⚫ Bird flu is mutating around the world – NJ residents get a warning

⚫ If the virus keeps changing it could pose a serious threat to humans

⚫ New Jerseyans advised to enjoy birds from a distance

Avian influenza continues to spread in New Jersey, across the nation and around the world, threatening poultry farms, wild birds and possibly human beings.

Bird flu has killed more than 58 million chickens and turkeys in the U. S. and it has already mutated, killing minks in multiple locations and sea lions in South America, raising fears it could soon pose a threat to people.

According to Ricardo Rajsbaum, the director of the Center for Virus-Host-Innate Immuity at the Rutgers University New Jersey Medical School Institute for Infectious and Inflammatory Diseases, bird flu does not usually cause any problems in humans but concern has been rising as a wave of avian influenza has been spreading for the past 13 months.

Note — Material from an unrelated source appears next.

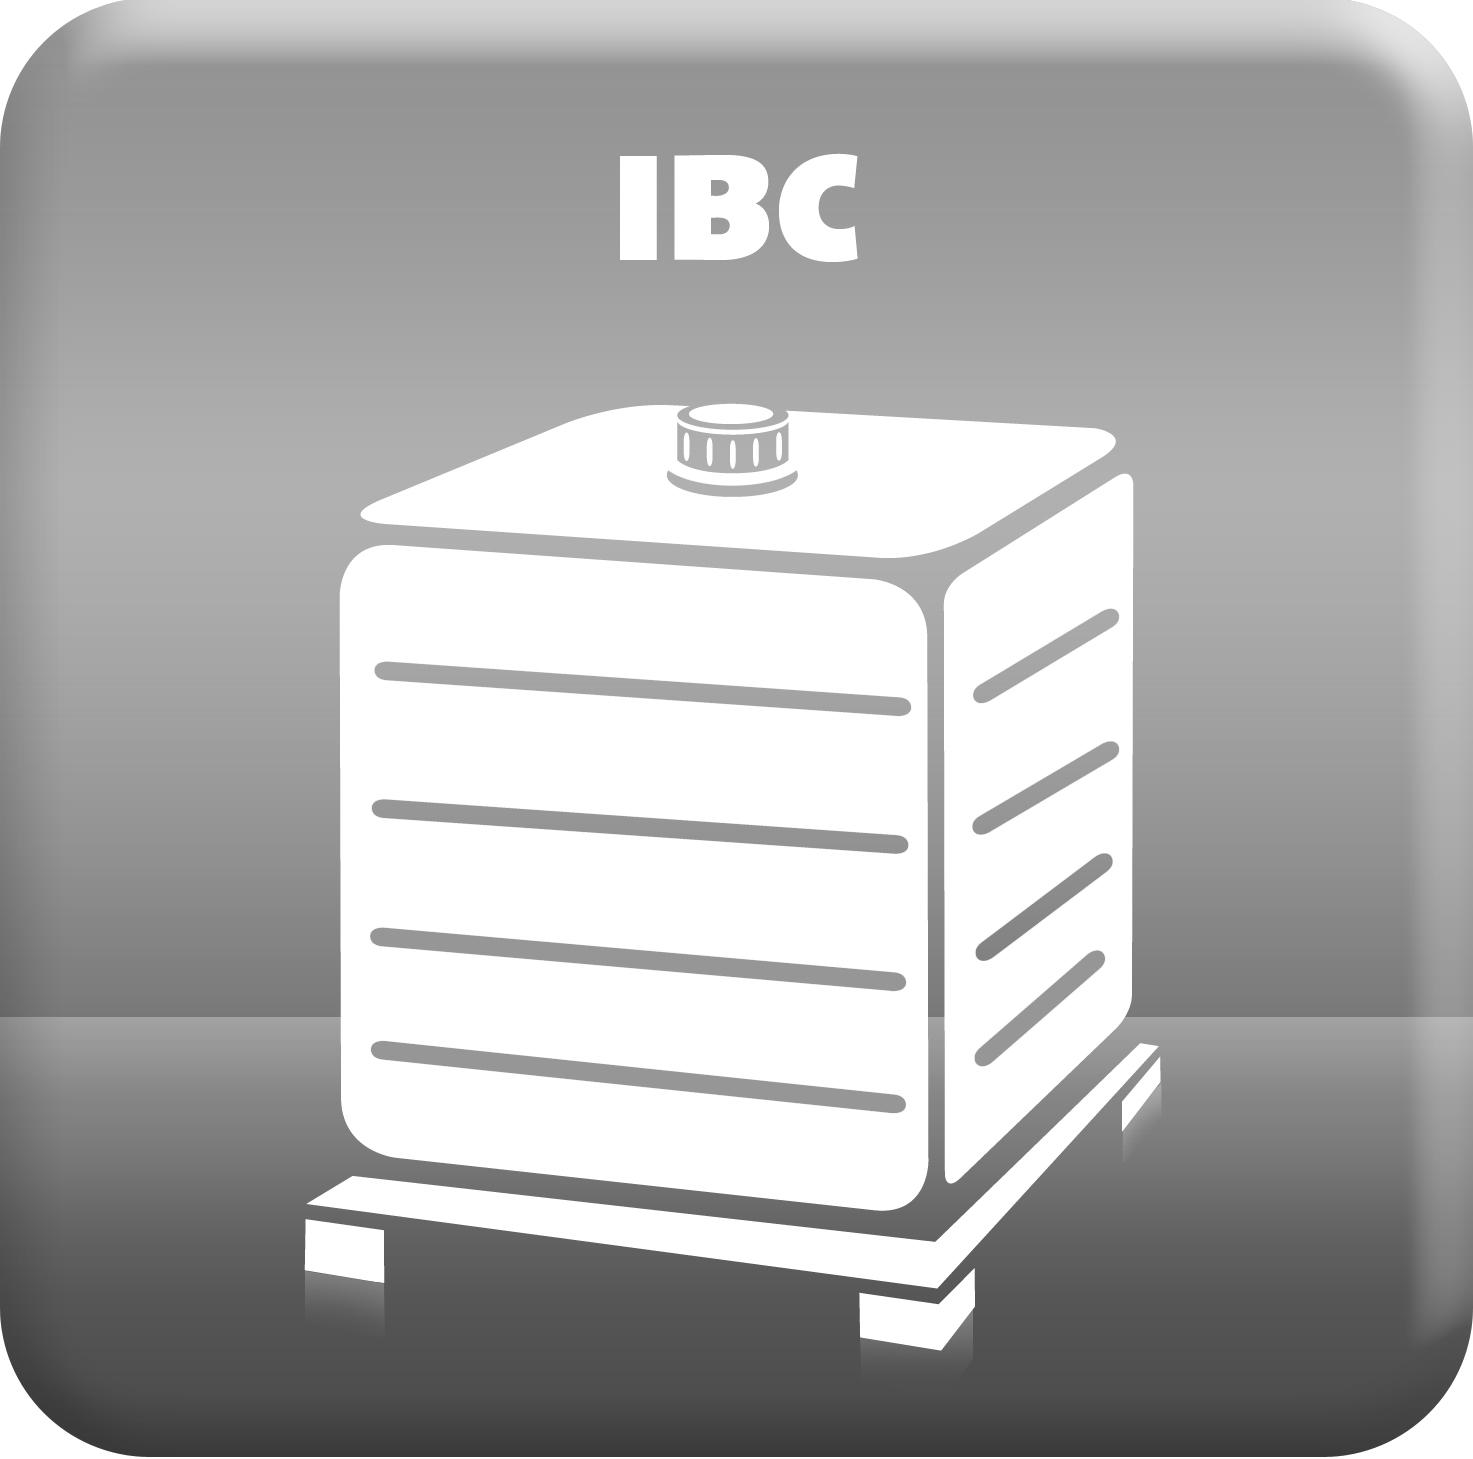 ICON_IBC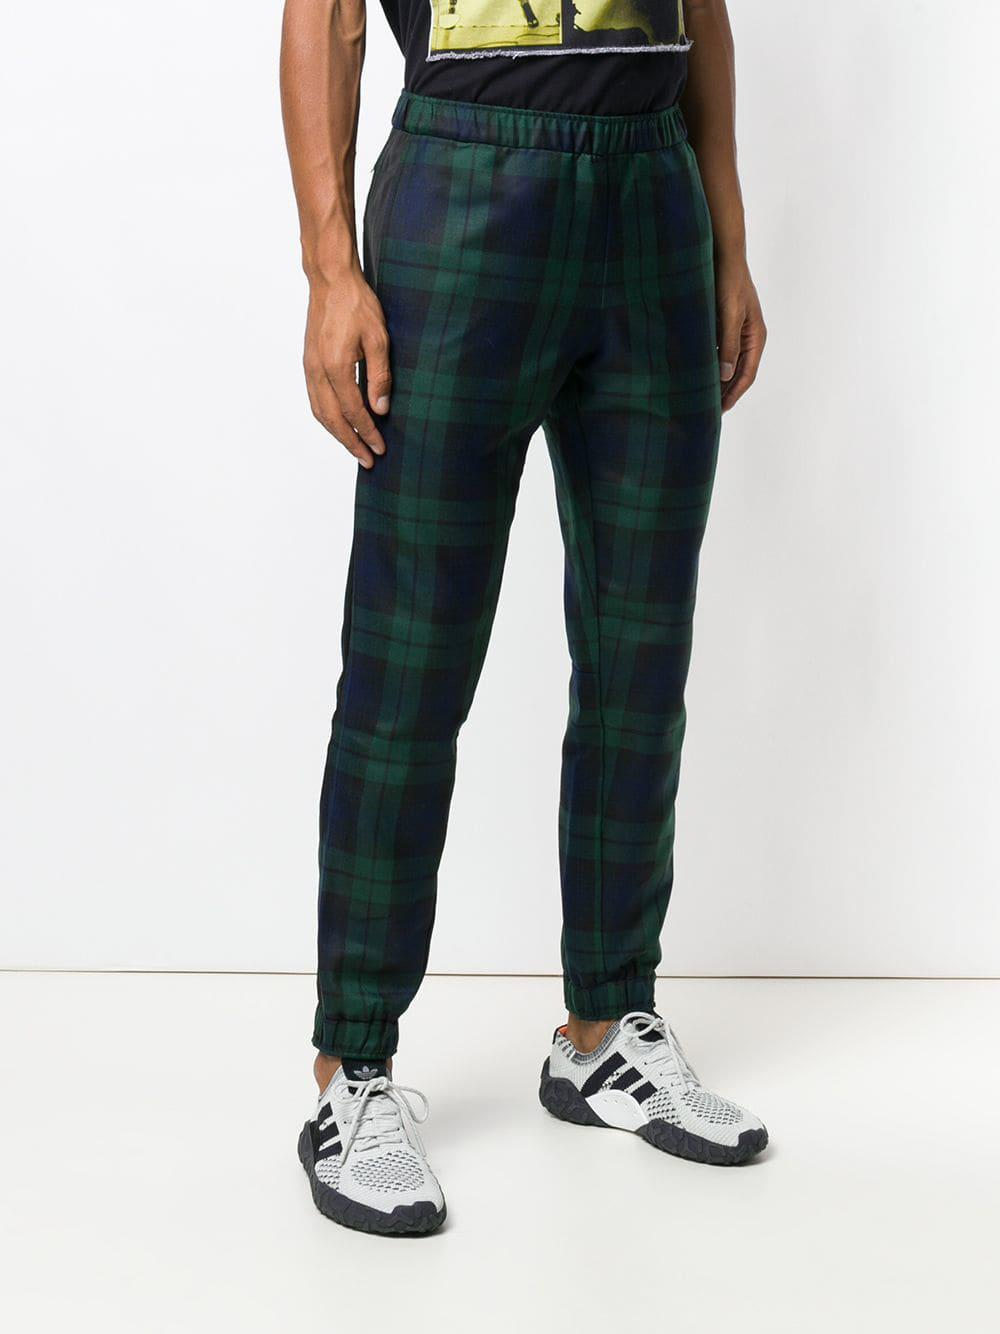 Astrid Andersen Wol Tartan Elasticated Trousers in het Groen voor heren

Workers in China where bird flu has been reported

No need to panic

“Do not panic, influenza has been around for a long time and there is always a risk that influenza can mutate and cause pandemics,” he said.

He said to this point avian influenza has not yet become easily transmitted to people, but because the virus naturally mutates as it spreads, there is a threat.

“Usually the cases that happen in humans that (are) caused by H5N1, avian influenza viruses can be bad, because we do not have immunity against these viruses.”


It could cause serious health issues

He said that means if this wave of avian influenza undergoes a mutation and jumps to people “it will most likely not be like a regular flu, it can be worse than a regular flu.”

Rajsbaum said avian influenza is not likely to infect humans but many birds are carrying the virus so people should avoid any direct contact with them.

“The best way to protect really is to avoid direct contact with birds, so staying far away, it should be OK.”

He said anyone working directly with chickens or other poultry should wear gloves, masks and protective clothing.

He pointed out someone would likely need a high dose of the virus in its current form to become infected.

He said the bottom line is having a bird feeder in your backyard is okay but everyone needs to be aware there is an outbreak of highly pathogenic influenza in birds and people should not “touch any secretions from birds, and stay away if you can.”